Goal of the exercise: All lines from the one containing "Beth Moore Quote" through the final line of the listing below, and no others, must be returned exactly; no pictures belong in the copy.

Given information:
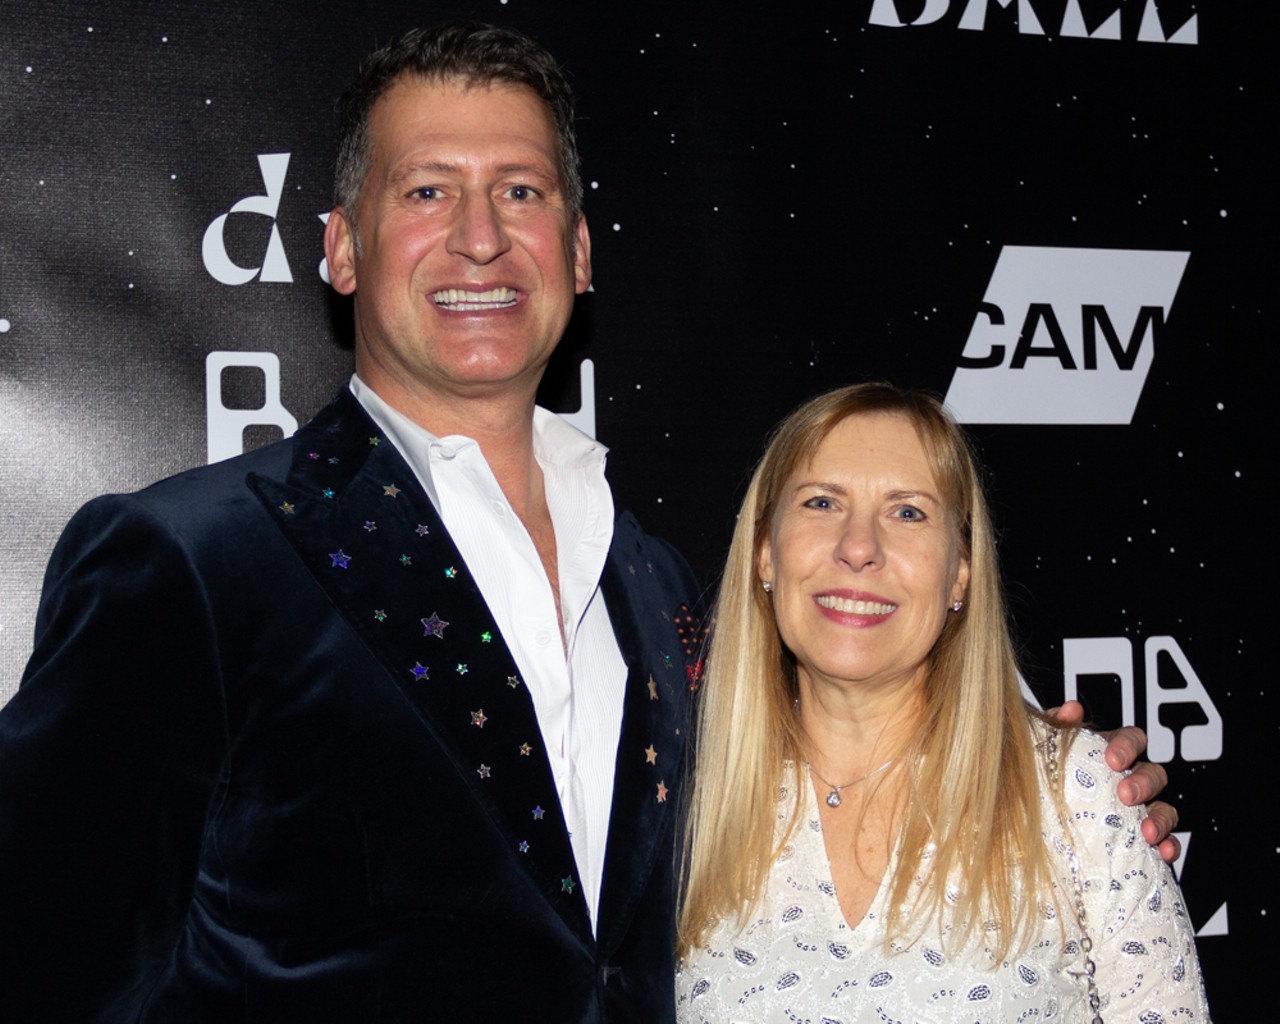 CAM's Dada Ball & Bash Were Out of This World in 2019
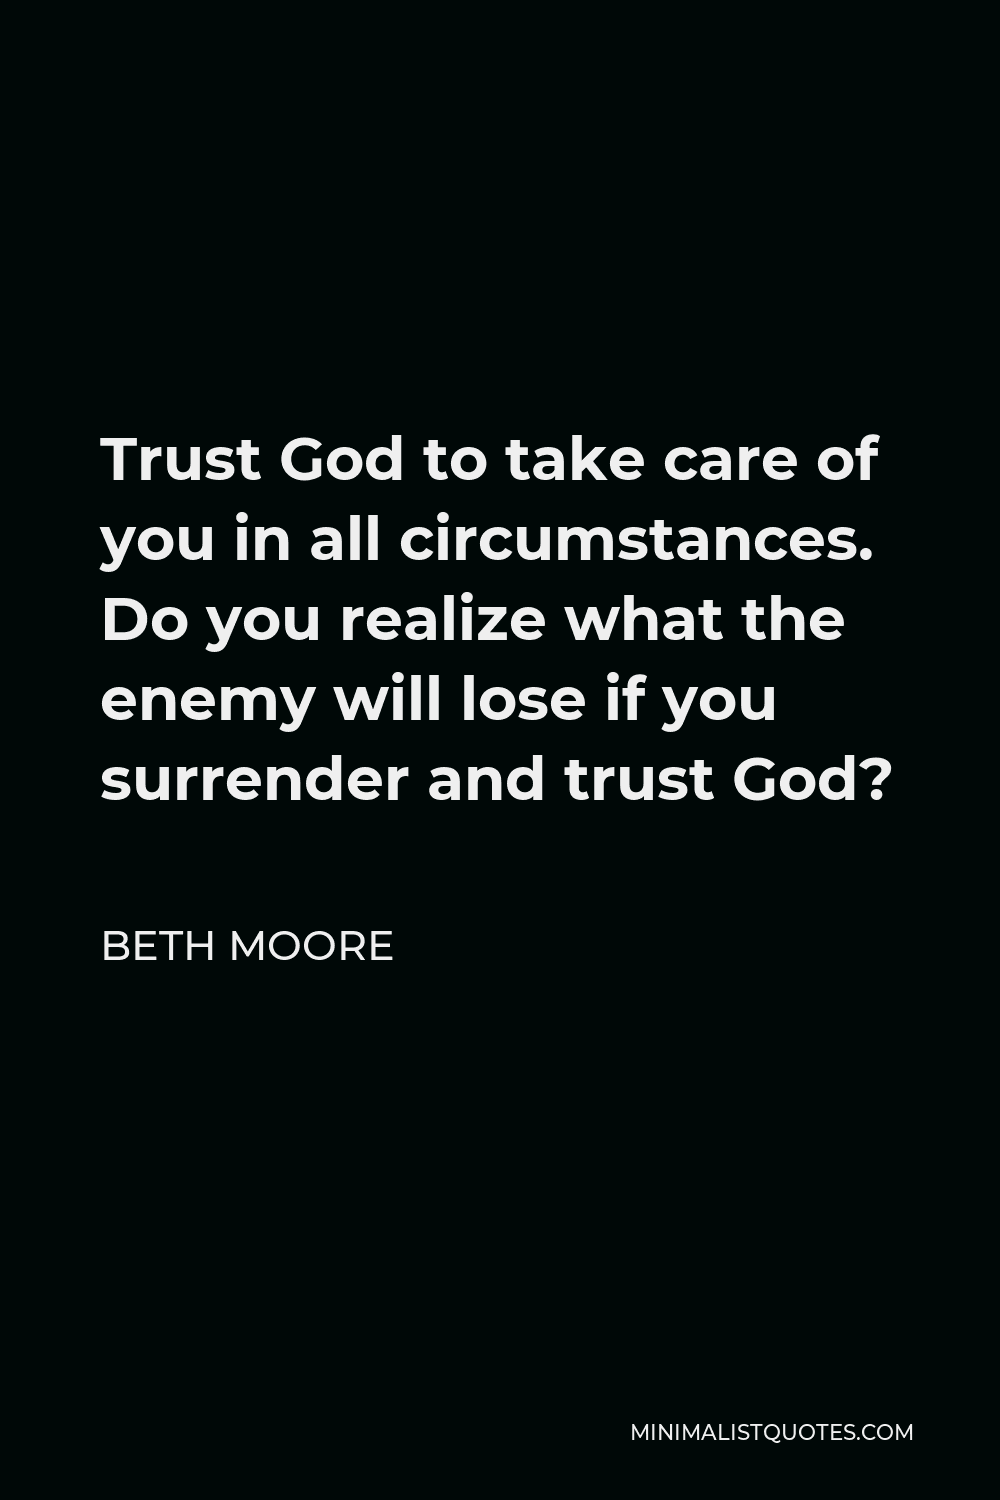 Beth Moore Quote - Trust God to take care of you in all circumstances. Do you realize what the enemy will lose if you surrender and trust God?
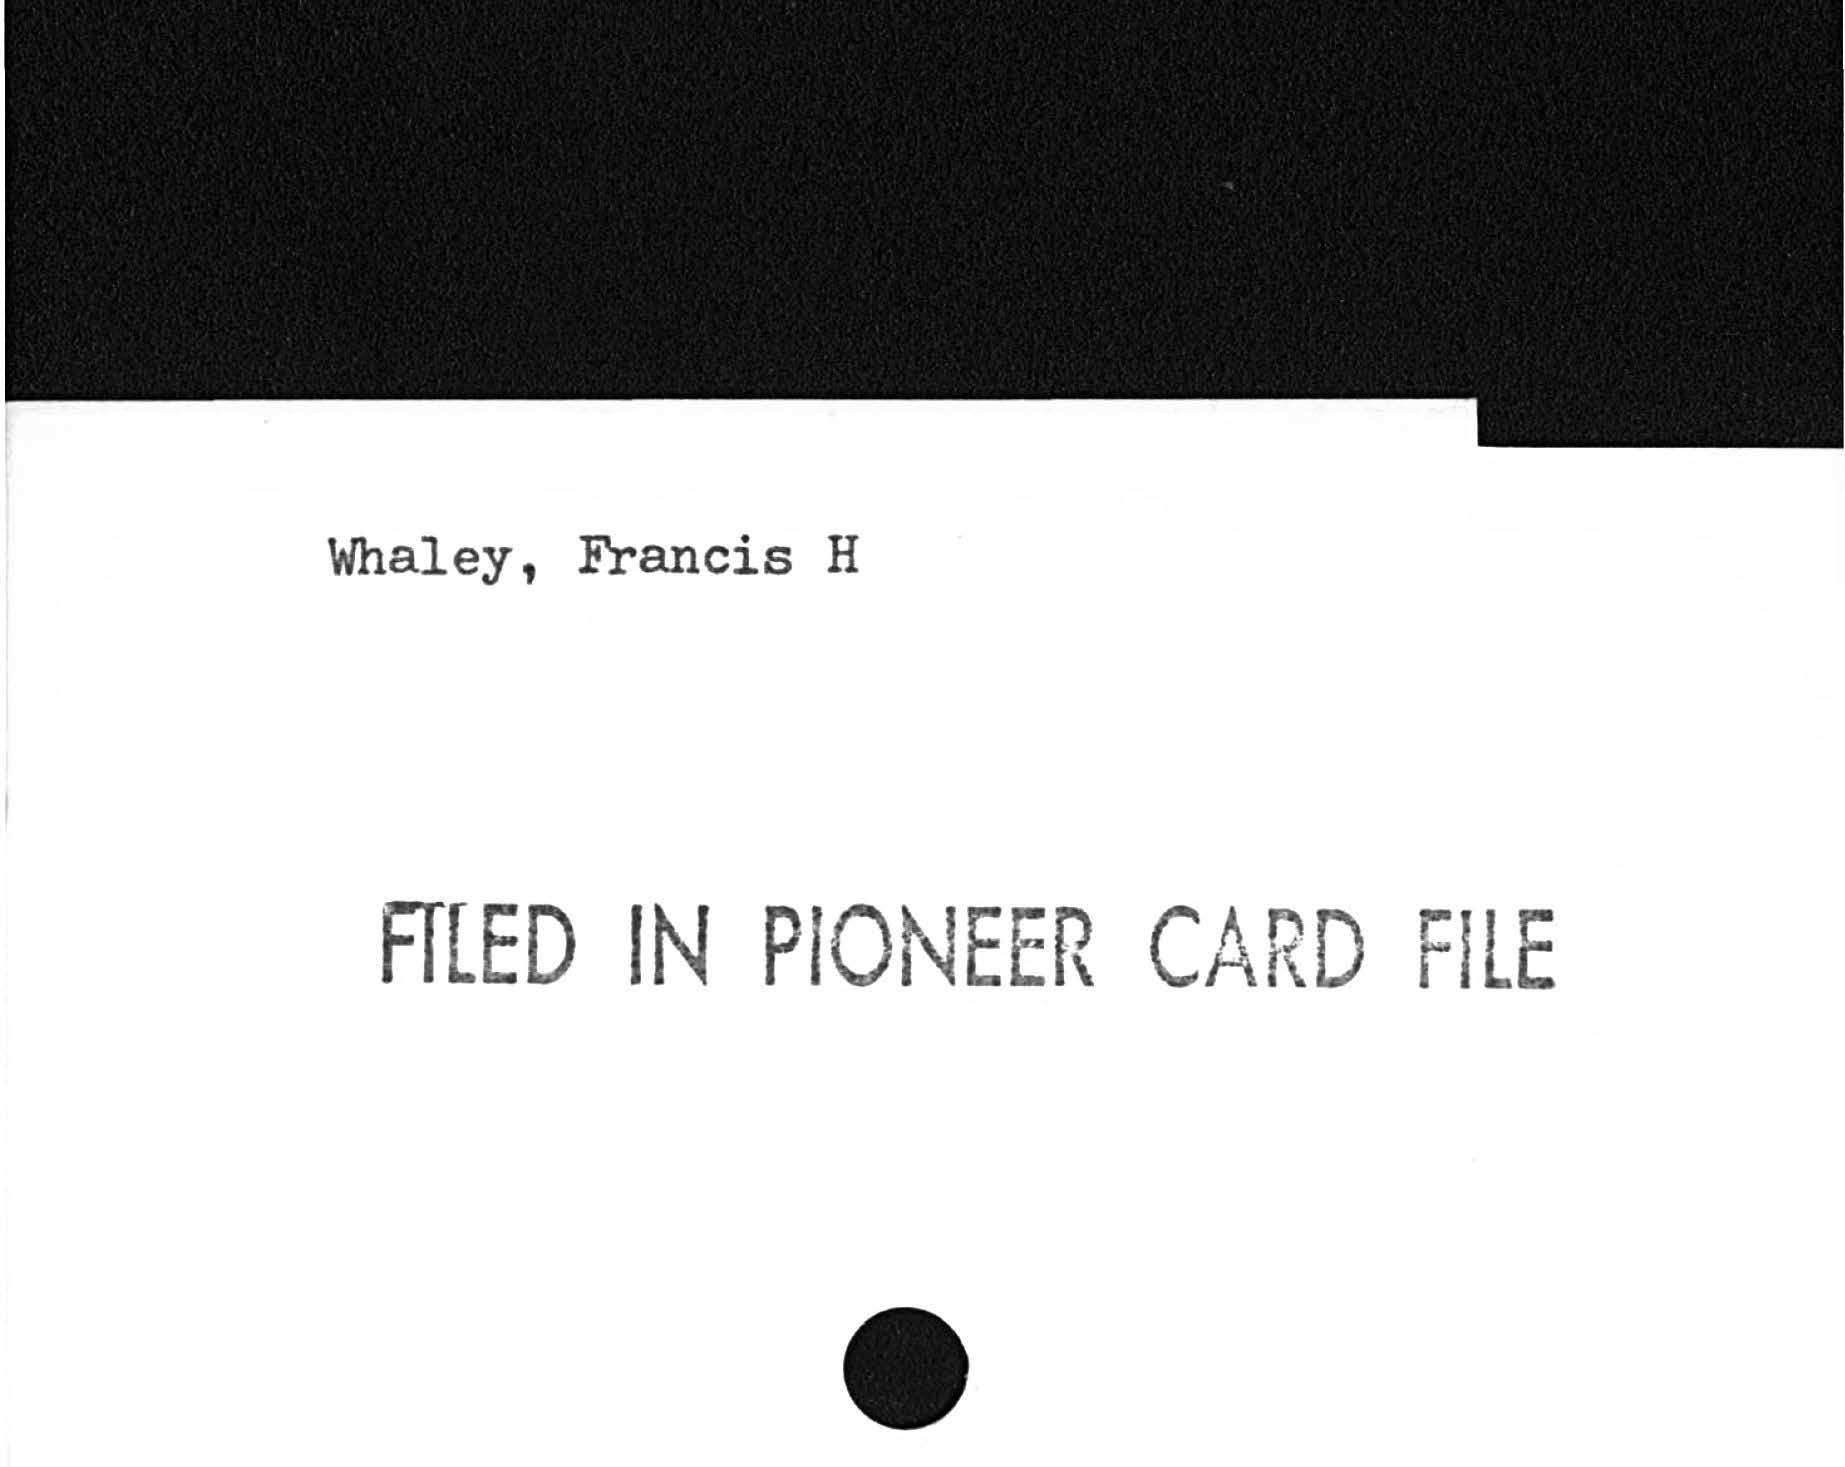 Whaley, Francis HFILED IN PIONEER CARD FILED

Written answer:
 Beth Moore Quote - Trust God to take care of you in all circumstances. Do you realize what the enemy will lose if you surrender and trust God?
 Whaley, Francis HFILED IN PIONEER CARD FILED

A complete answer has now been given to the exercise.